Con: The inconsistent controls will certainly turn some users off. Battery isn’t user replaceable and the internal battery has a short run time meaning you’ll really have to use that wallet case.
Price: $149 with two-year contract.
Web site: www.sprint.com www.samsung.com
Display: Main display- 2.1” 262k TFT color display, 176 x 200 pixels; Sub display- 1.4” 65k TFT color display, 176 x 65 pixels.
Battery: 620mAh internal battery, rechargeable, non-user removable. Claimed talk time: 2.5 hours and claimed standby time is 15 days. 820mAh extended wallet battery included. Up to 6.3 hours claimed talk time with both batteries.
Performance: Intel
XScale PXA 255 400 MHz processor. 64 MB built-in RAM
(55 megs available). 32 MB Flash ROM with 2.85 megs
available in File Store for your use.
Size: 44.07 x 1.73 x 0.37 inches. Weight: 2.57 ounces.
Phone: Dual-band CDMA supports 800/1900 MHz, EVDO and 1x for data.
Camera: 1.3 megapixel camera, CMOS, 2x zoom (5 levels).
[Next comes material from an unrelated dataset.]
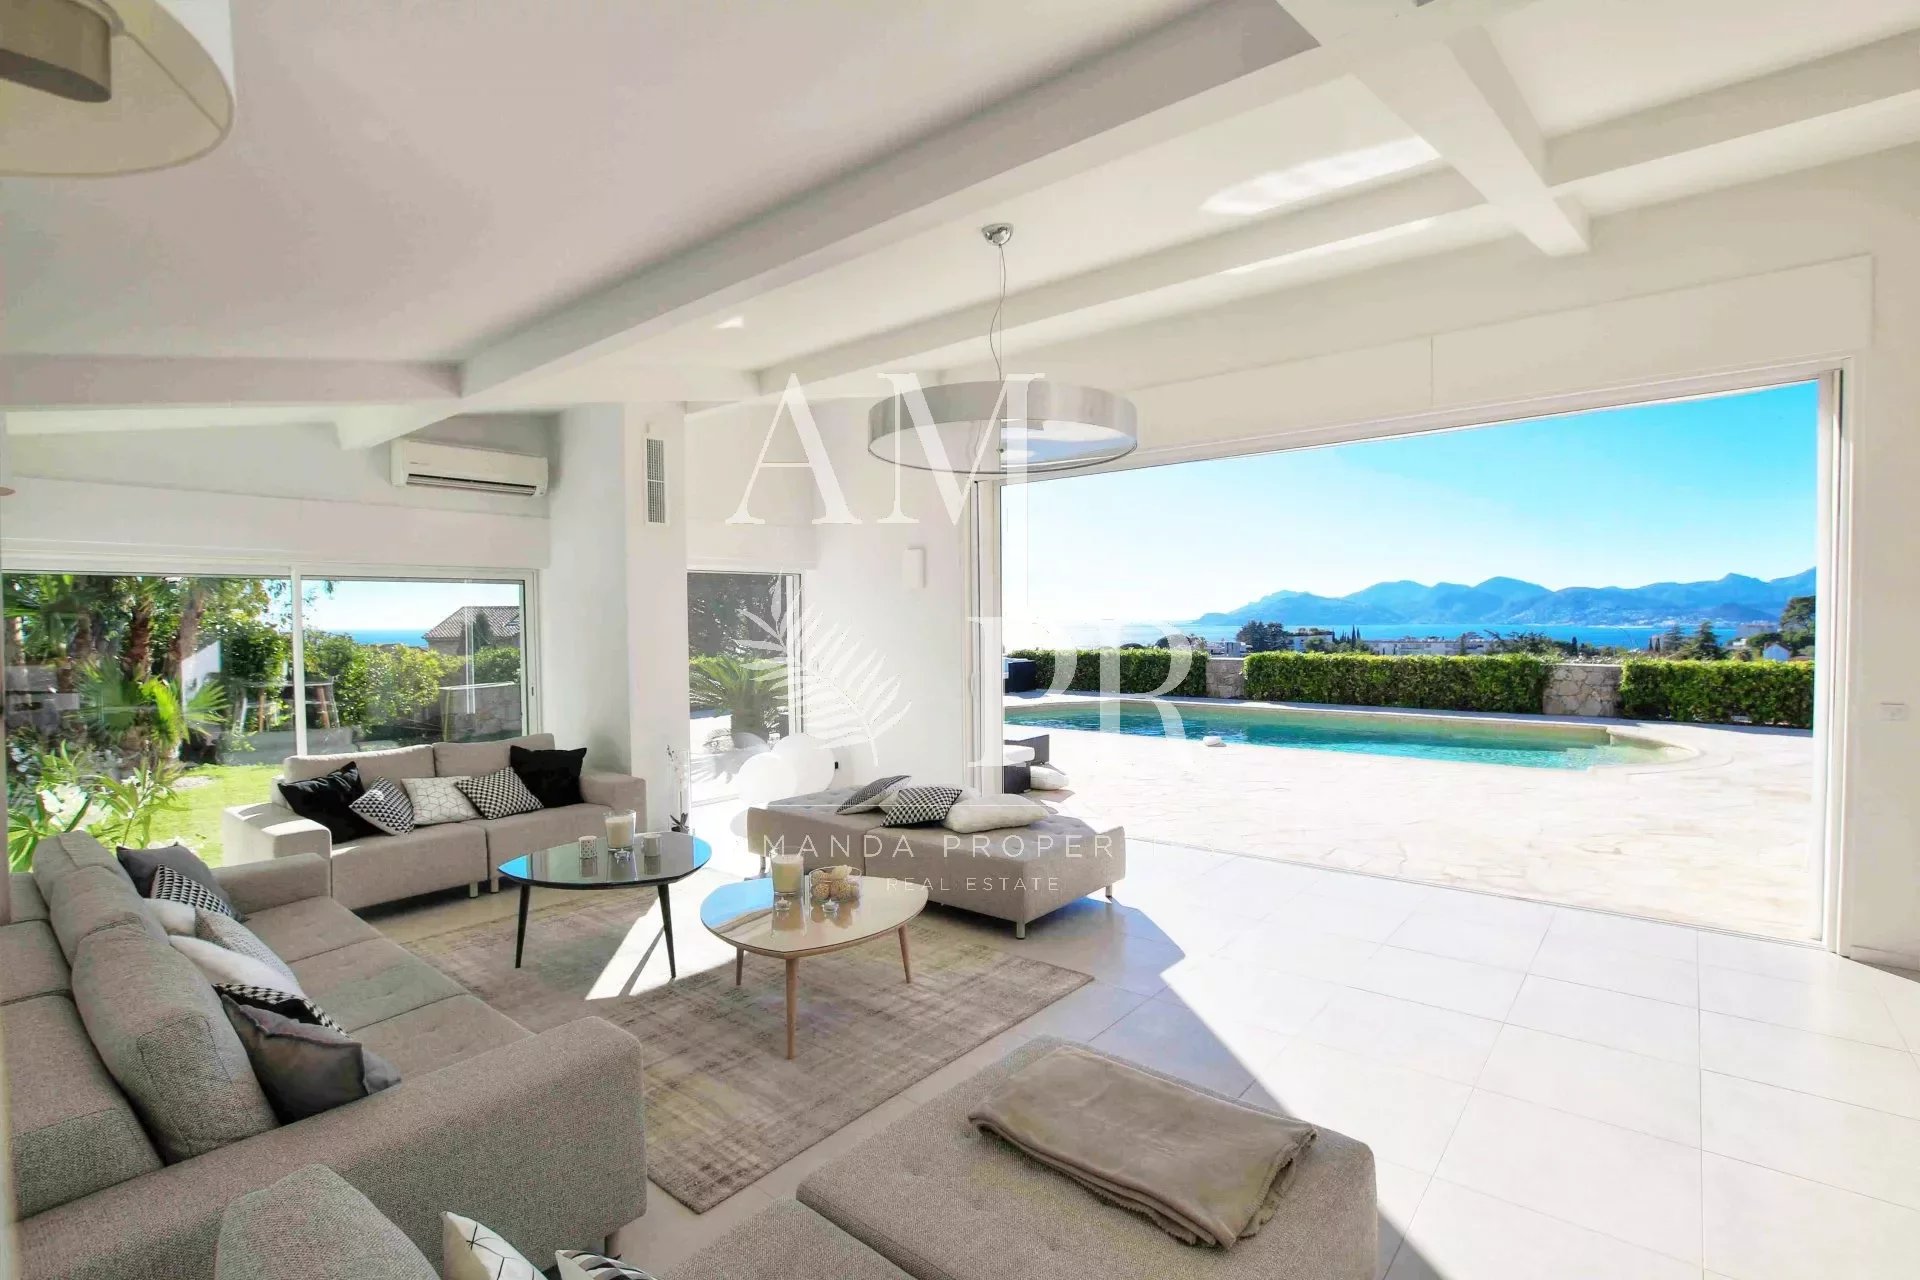 Cannes Croix des Gardes - Contemporary Villa of 300sqm - Panoramic Sea View - 12 People
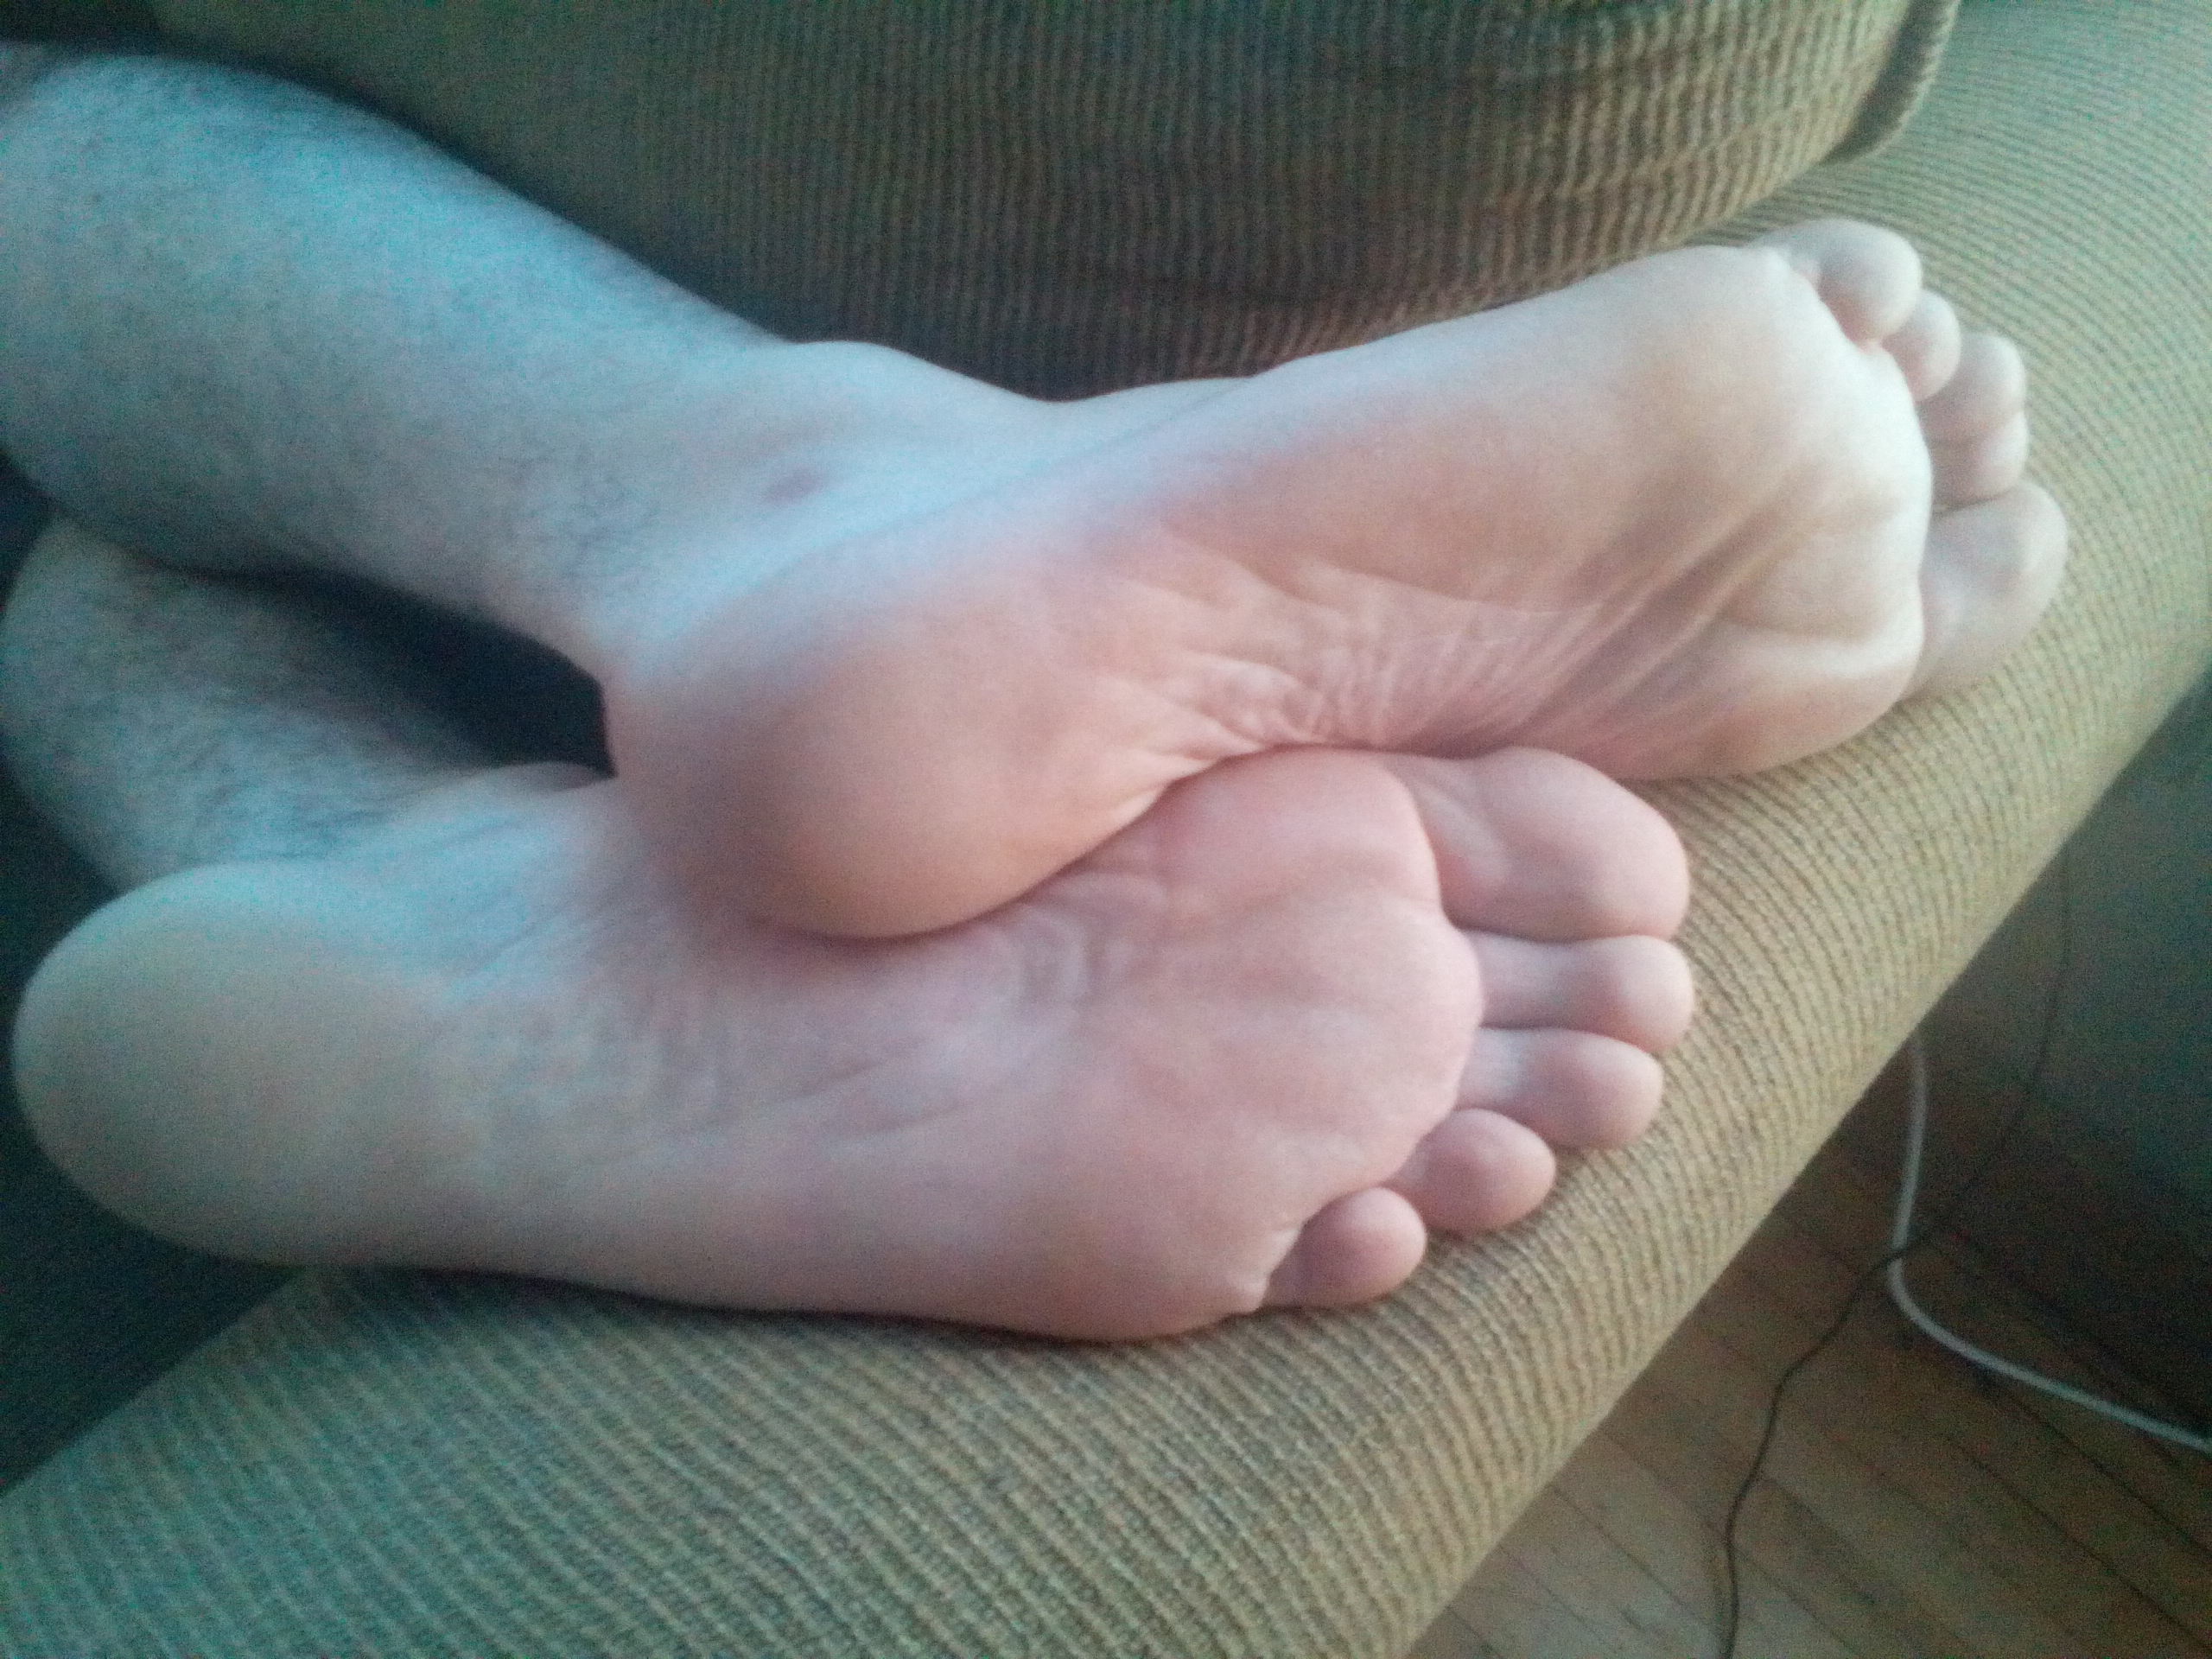 Husband's feet

Can record video with audio in 3g2 format.
Audio: Built-in speaker, mic and Samsung Proprietary stereo headset jack. 3.5mm standard stereo jack adapter in the box. Music Player included. Supports polyphonic and MP3 ringtones.
Networking: Bluetooth v1.6. Supports Basic Printing Profile, Headset and Hands-Free Profiles, DUN (Dial-Up Network) Profile, OPP (for vCard, vNote push), FTP, A2DP (for stereo headset) and AVRCP.
Software: Sprint’s icon-based menu. Obigo web browser, Contacts (up to 500 entries), Planner, memo, alarm clock, world clock included. VoiceSignal’s voice command software, media player, Sprint TV, Handmark’s Pocket Express (On Demand). Desktop music syncing software included for PC.
Expansion: 1 microSD memory card slot. A 64 MB SanDisk microSD card included.
In the Box: The phone, extended battery wallet, wall charger, 64MB microSD card and adapter, 3.5mm headset adapter with mic, USB cable, Sprint Music Manager desktop software CD, printed Quick Tips and User Manual.